What we see, then, in the CC Language Arts standards is a surface-level proposition of the function and importance of metaphor. It is associated primarily with identifying and understanding figurative language as well as interpreting literature. Defining the function of metaphor as pigeonholed in figurative language relegates it to the position of pretty language that serves little else than aesthetic purpose—one more writing tool that many students feel is irrelevant to their goals. So as students enter first-year composition, they enter unaware of the larger ramifications of metaphor in their own thinking and the culture they live in.
Cognitive Role of Metaphor
While metaphor is taught as a figure of language that captures abstract ideas in concrete images, its cognitive role extends far beyond the limits of poetry and prose. Some scholars argue that it would be impossible for human beings to think abstractly at all were it not for metaphors, that metaphor is a “vehicle of thought” (Getner, Kovecses; Ox 86).
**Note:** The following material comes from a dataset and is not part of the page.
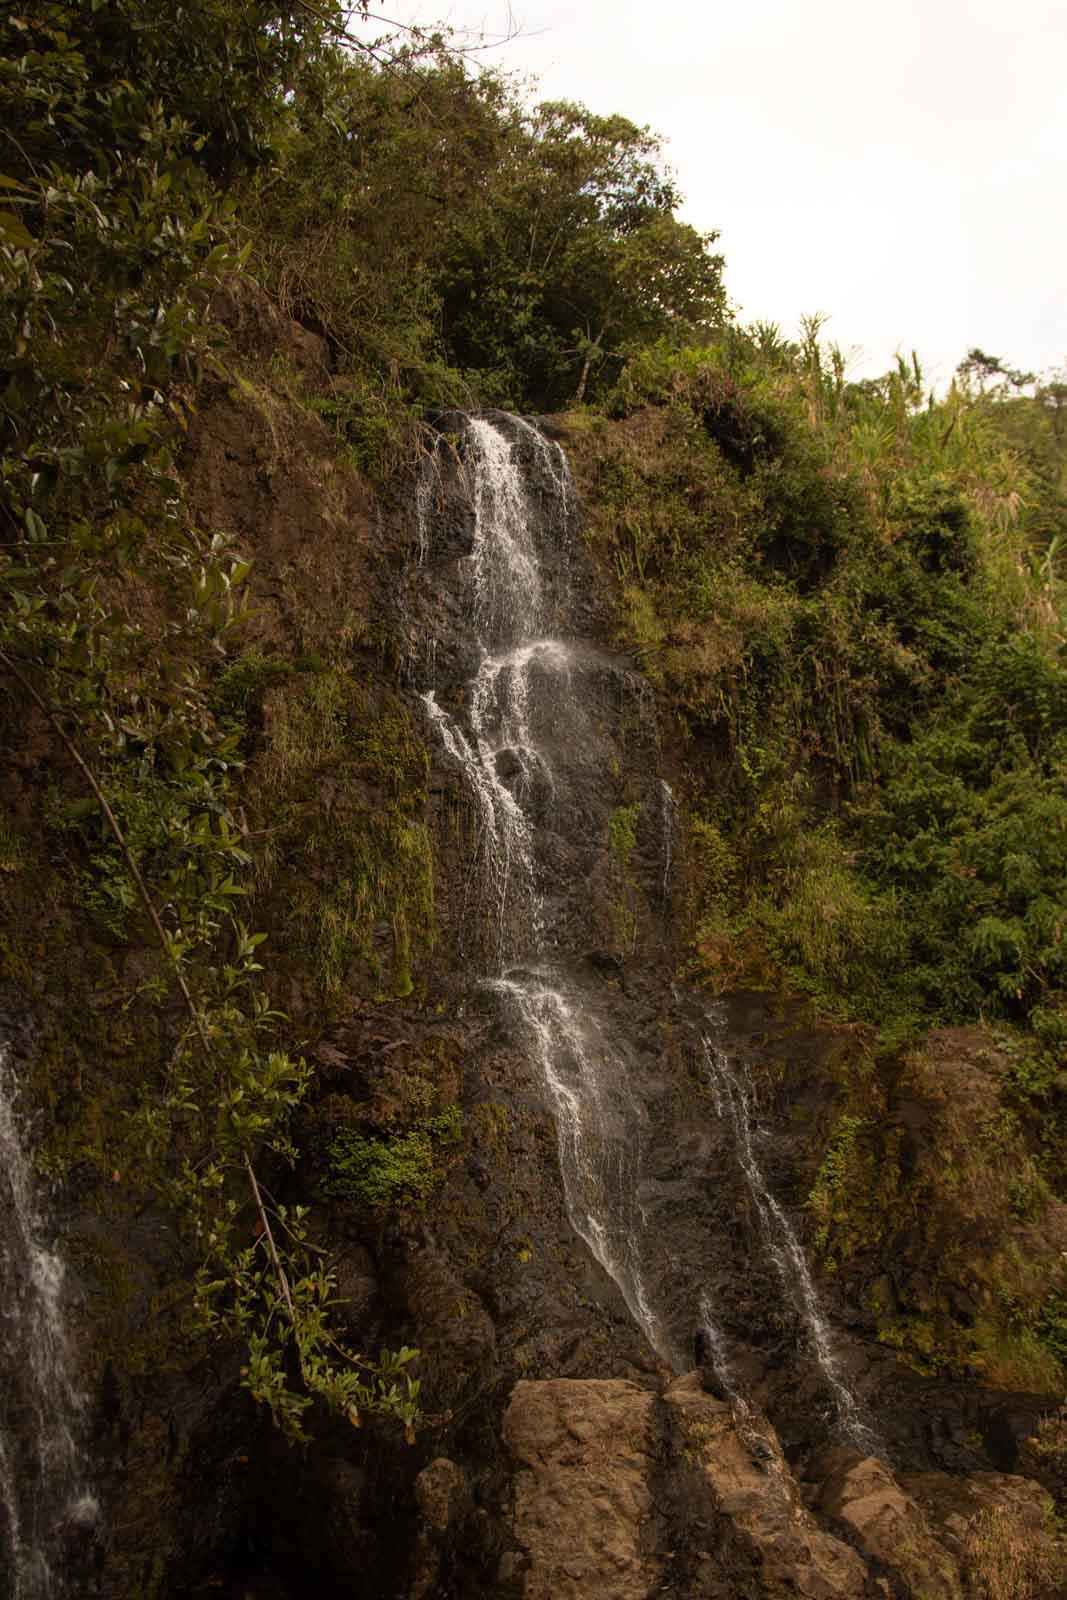 A waterfall in La Cueva de los Guacharos in Jardin, Colombia.

In other words, we cannot even begin to communicate our ideas until we package them as metaphors, and the same is true of learning to absorb new information. When students encounter unfamiliar abstractions in class, it is like trying to understand a foreign language—frustrating and labor-intensive to grasp, if not impossible. In these scenarios of total unfamiliarity with or struggle to comprehend the abstraction, metaphors can function as scaffolding, enabling students to take some sort of concrete familiar thing and extrapolate its characteristics and purposes to understand an abstraction. In other words, metaphors can provide ports of access to abstract principles. In my own experience, metaphors allow me as an instructor to explain for instance what cohesion between sentences means to students who have often never encountered that principle outside of an Elmer’s glue context. The use of metaphor as a pedagogical tool gives students handles almost to hold onto as they process and synthesize new information about theories, concepts, abstractions that they are unfamiliar with.
While metaphor facilitates moving up and down the ladder of abstraction, it also moves laterally as a tool to reframe what we otherwise see as fixed knowledge. Marie Foley’s article, “Unteaching the Five-Paragraph Essay,” lays out her method of teaching students to revise their understanding of essays as a standard formula and instead adopt the view of them as a journey. Her description of breaking her students out of the five-paragraph mold and into the potential of journeying is an example of the power in metaphor to facilitate reframing and thereby new understanding. By teaching her students to challenge their understanding of writing via metaphor, Foley invites her students to reconceive what it means to write entirely. She shifts the framework they use to define writing, a shift that empowers students to see what they were incapable of seeing before. A new frame means a new perception. Metaphors can have that kind of power in helping students to see the world in ways they never have before.
Sociocultural Roles of Metaphor
Alongside metaphor’s essential role in cognition is its capacity to build relationships, especially between divided groups. Lakoff and Johnson’s Metaphors We Live By includes a chapter in which they argue for the power of metaphor to close gaps between individuals. They present the idea that two parties without mutual experiences and world perspectives can communicate those differences through metaphor in order to establish common understanding. “Metaphorical imagination is a crucial skill in creating rapport and in communicating the nature of unshared experience” (231). This idea of using metaphor to fill in the gaps of unshared experience may seem pertinent only to those of different nationalities or socioeconomic or racial identities. But there is also a significant gap of unshared experience between a writing instructor and her students. They exist to some degree in different realities in terms of academic knowledge and agility within the academic sphere. Therefore one of the instructor’s objectives is to bridge the divide between them. Metaphors used in classroom then work to create shared meaning and to build rapport and community.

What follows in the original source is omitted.